Употребление терминов «Европа» и «Азия» почти не зафиксировано до конца

XVII в., лишь в неизданном списке Космографии конца XVII в. впервые упоминаются Европа и Азия [10, с. 6-17]. Однако устойчивое использование слова Европа (первоначально произносимое как Европея) в русском языке начинается лишь с XVIII в., причем для начала XVIII столетия в контексте, исключавшем Россию из состава европейских стран [11, с. 58]. Показательно поэтому, что известный афоризм, появившийся в начале

XVIII в., - Петр Великий «прорубил окно в Европу», говорит лишь об окне, а не дверях и тем более не об устранении стен.

К тому же времени относится использование слов «Азия», «азиатский», «азиатщи-на», причем с негативной коннотацией, как синонима некультурности, отсталости и варварства [12, с. 64]. Народные говоры погра-ничья выразили этот смысл в слове «азий», бывшим бранным на Дону и Кубани с XVIII в. [13, с. 214]. В литературном употреблении и общественном сознании уже тогда сложилось противопоставление Европы Азии, где «европейский» был синонимом известности, особых достоинств и высокого уровня развития [14, с. 1223-1225]. Это сохраняется до сих пор в совершенно непереводимом для европейца понятии «евроремонта», означающего теперь в русском языке использование современных строительных материалов и технологий.

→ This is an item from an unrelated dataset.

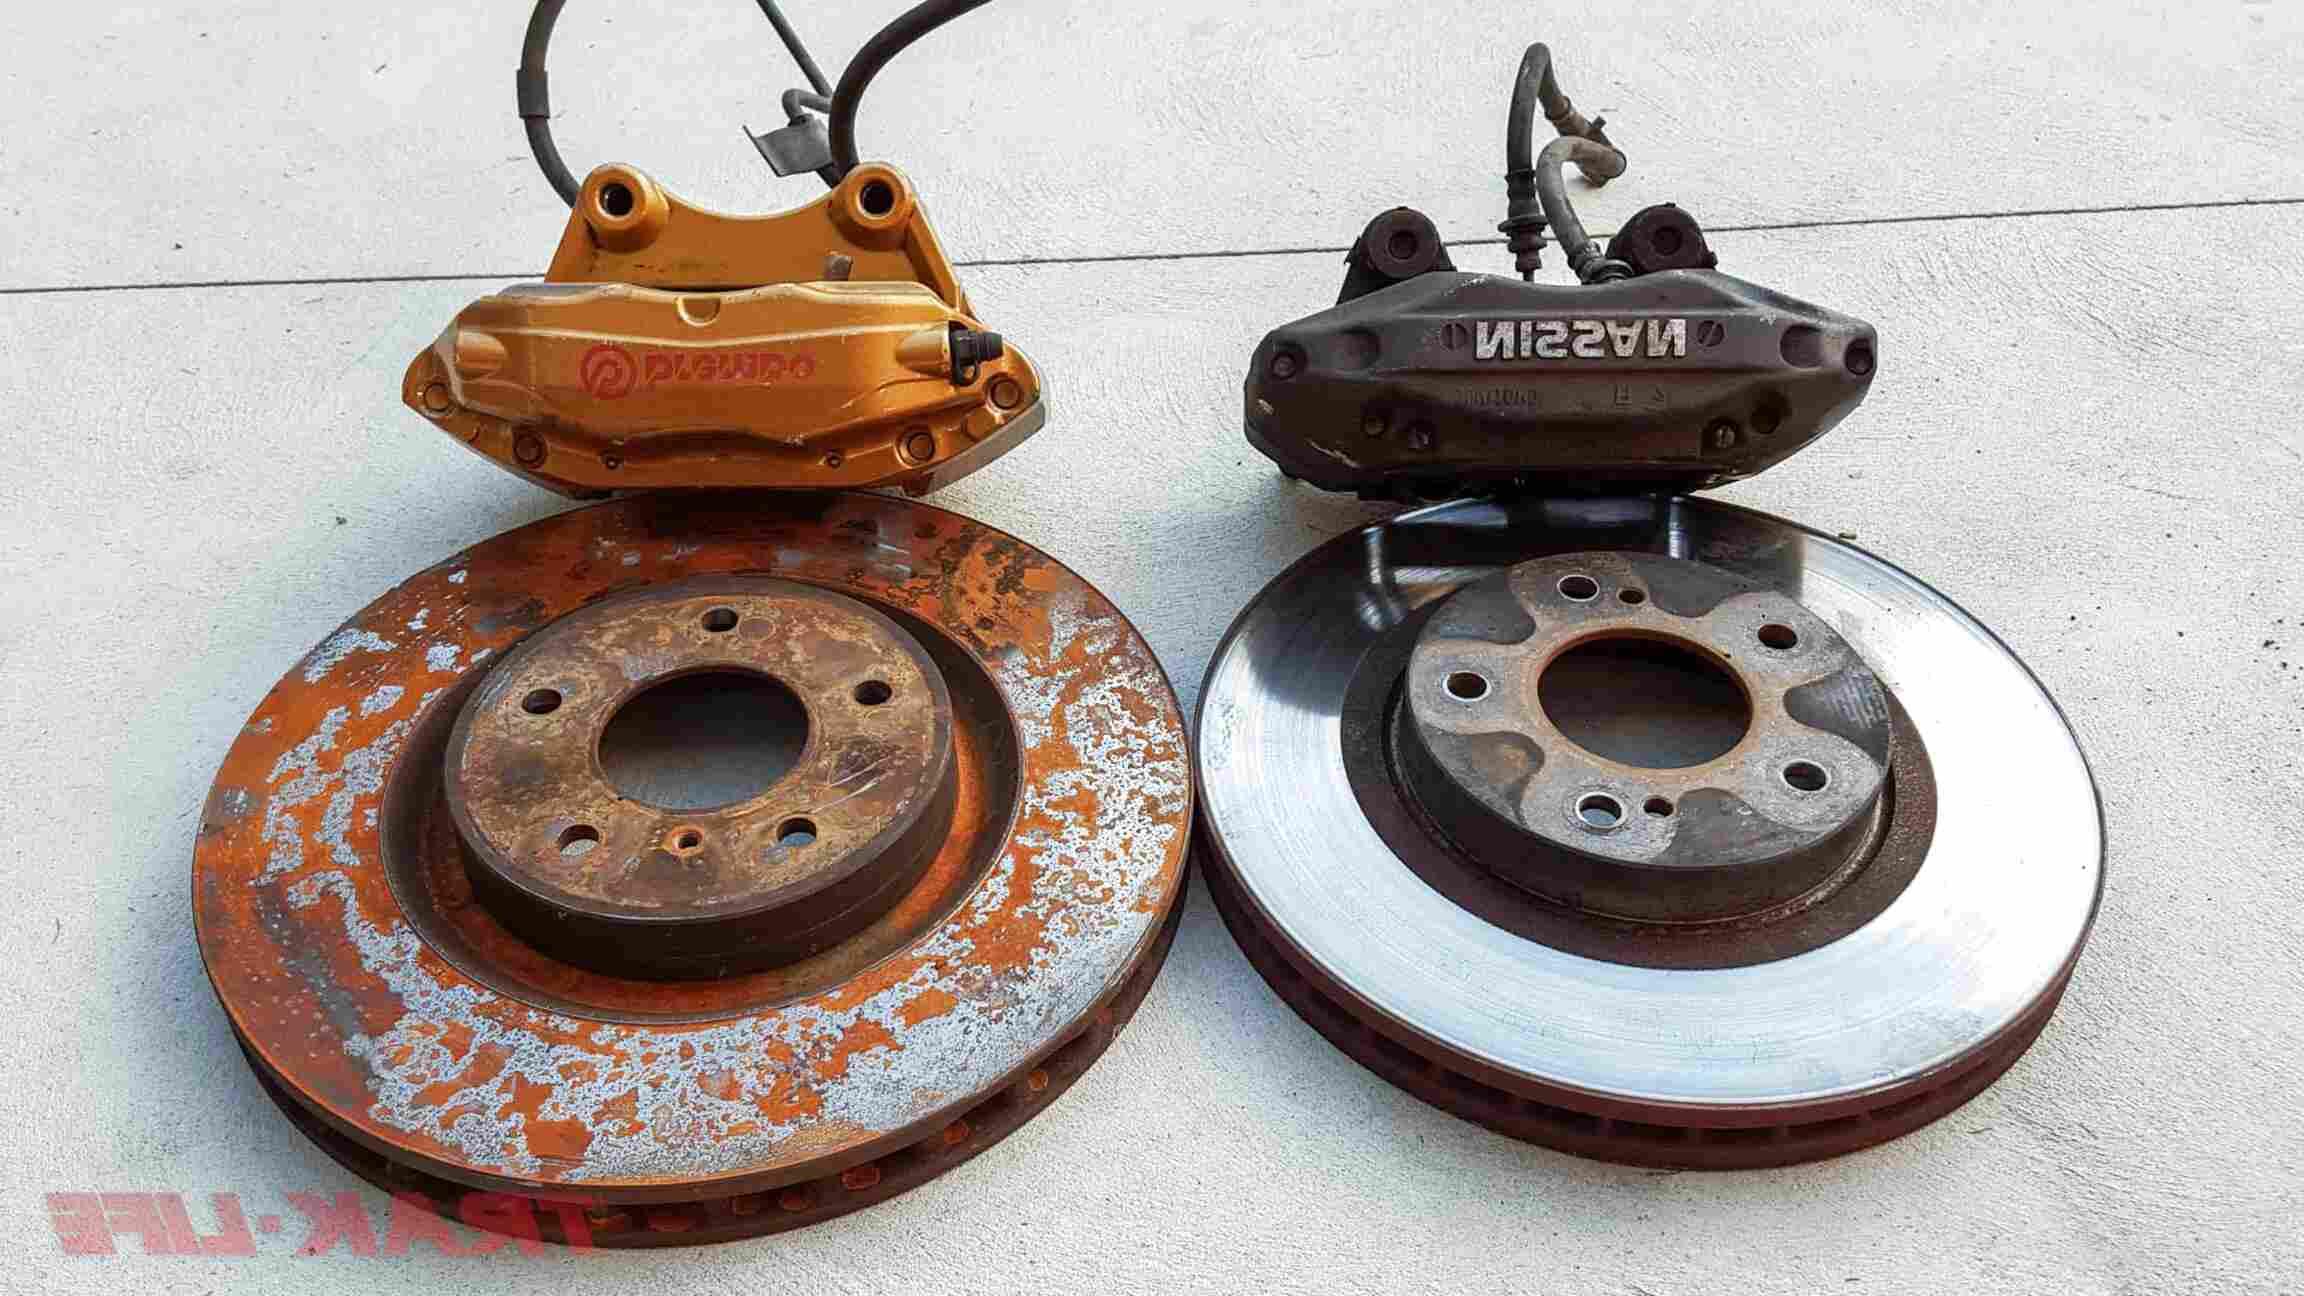 r33 gtst brakes for sale

Формирование представлений о Европе как центра мировой культуры, а не просто географического понятия, стало формироваться в Западной Европе в период позднего средневековья. Под влиянием церкви вначале было утверждено духовное лидерство европейского христианского мира, из чего в XVII в. стало формироваться сознание политического, военного и культурно-экономического превосходства [15, с. 280].

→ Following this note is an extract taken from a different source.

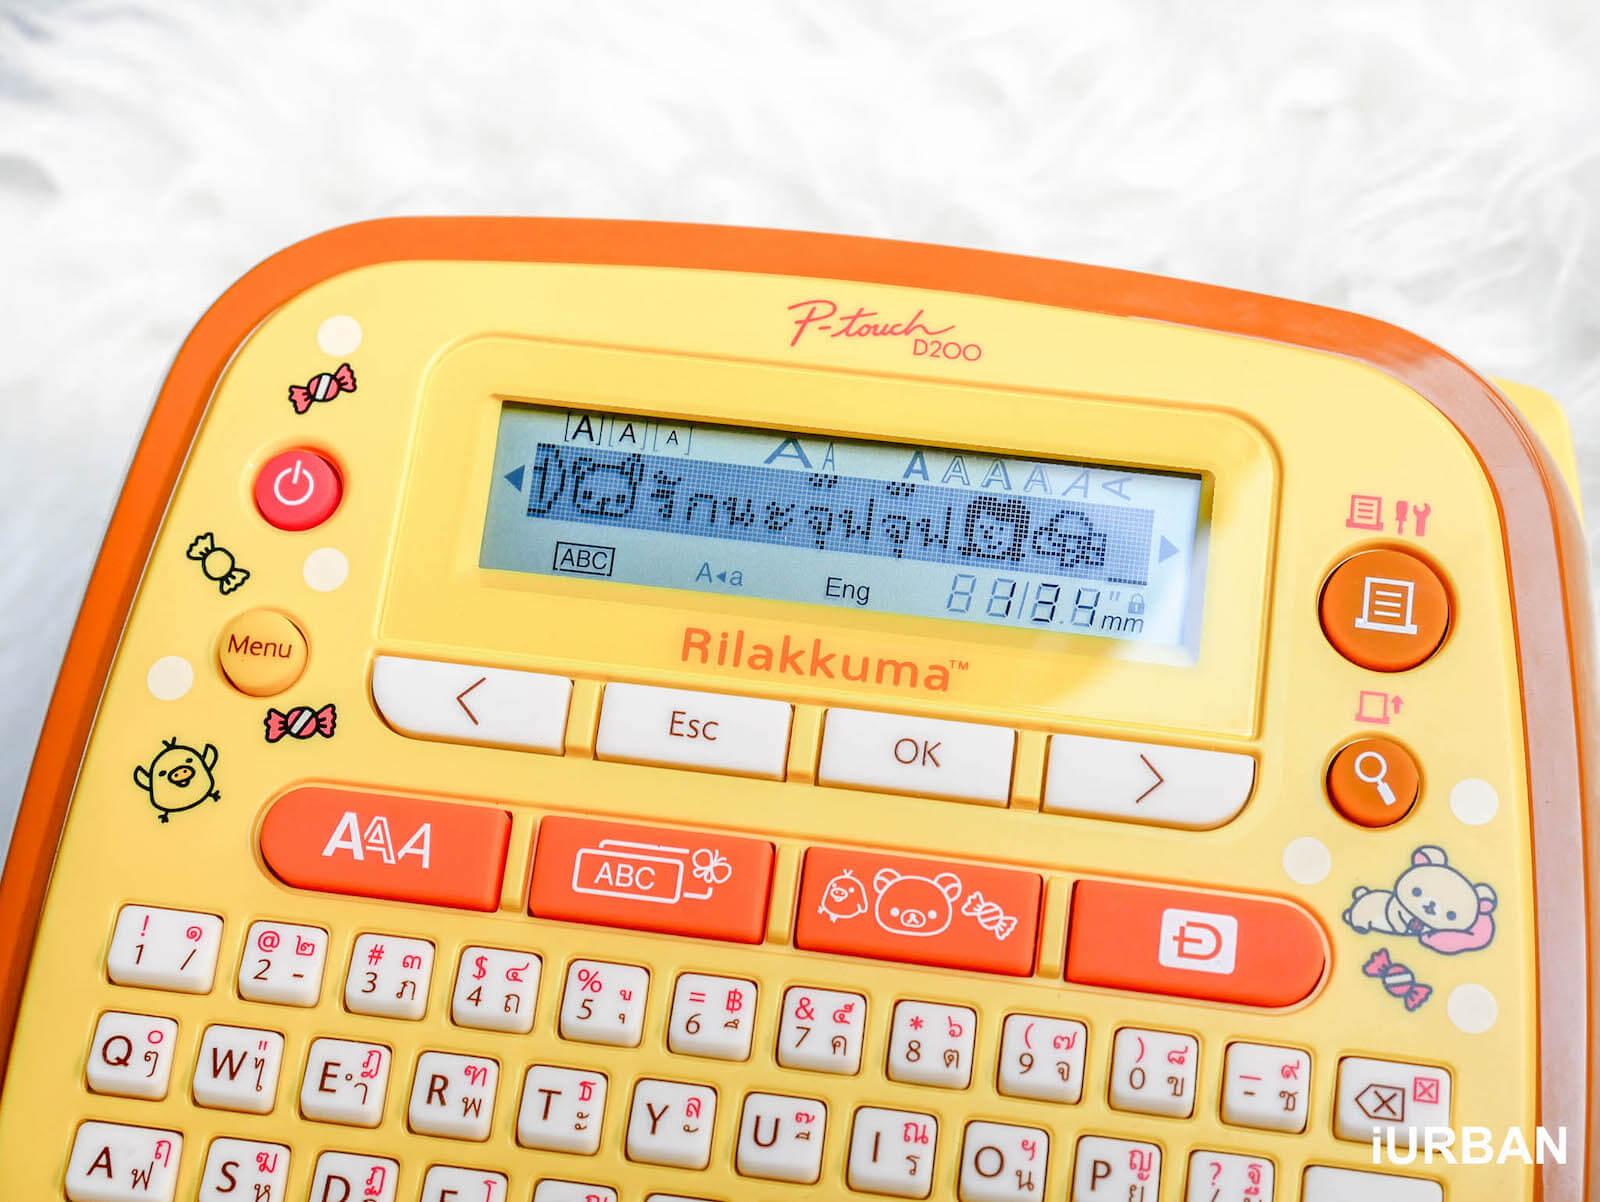 %name 14 วิธีเปลี่ยนเป็นสาวครีเอทีฟด้วยเครื่องพิมพ์ฉลาก Rilakkuma Label Printer by Brother

Однако московское царство не было затронуто идеей европейской исключительности. Выводя свои исторические и культурные корни из Византии, допетровская Россия не видела себя частью Европы. Даже в XVII в. иноземцы, в т. ч. и европейцы приравнивались к басурманам, т. е. иноверцам [16, с. 160]. Первоначально позиционирование России вне Европы было естественным, т. к. Московская Русь выводила свои политические и культурно-религиозные корни из Византии. Доктрина «Москва - Третий Рим»,

возникшая в XVI в., провозглашавшая Россию наследницей и главой истинного христианства, утверждала ее национальную избранность и самобытность государственного и исторического развития страны.

Петровские реформы, главный смысл которых был направлен на преодоление отставания от Европы, ставшего угрозой для независимого существования России, прямо поставили перед национальным сознанием вопрос о ее геополитическом позиционировании. Петровская программа провозглашала необходимость движения по европейскому пути. Европа стала рассматриваться как пример и образец. В.Н. Татищев в «Лексиконе Российской.» в статье о Европе писал, что она «. бесспорно преимуществует» перед другими частями света [6, с. 271].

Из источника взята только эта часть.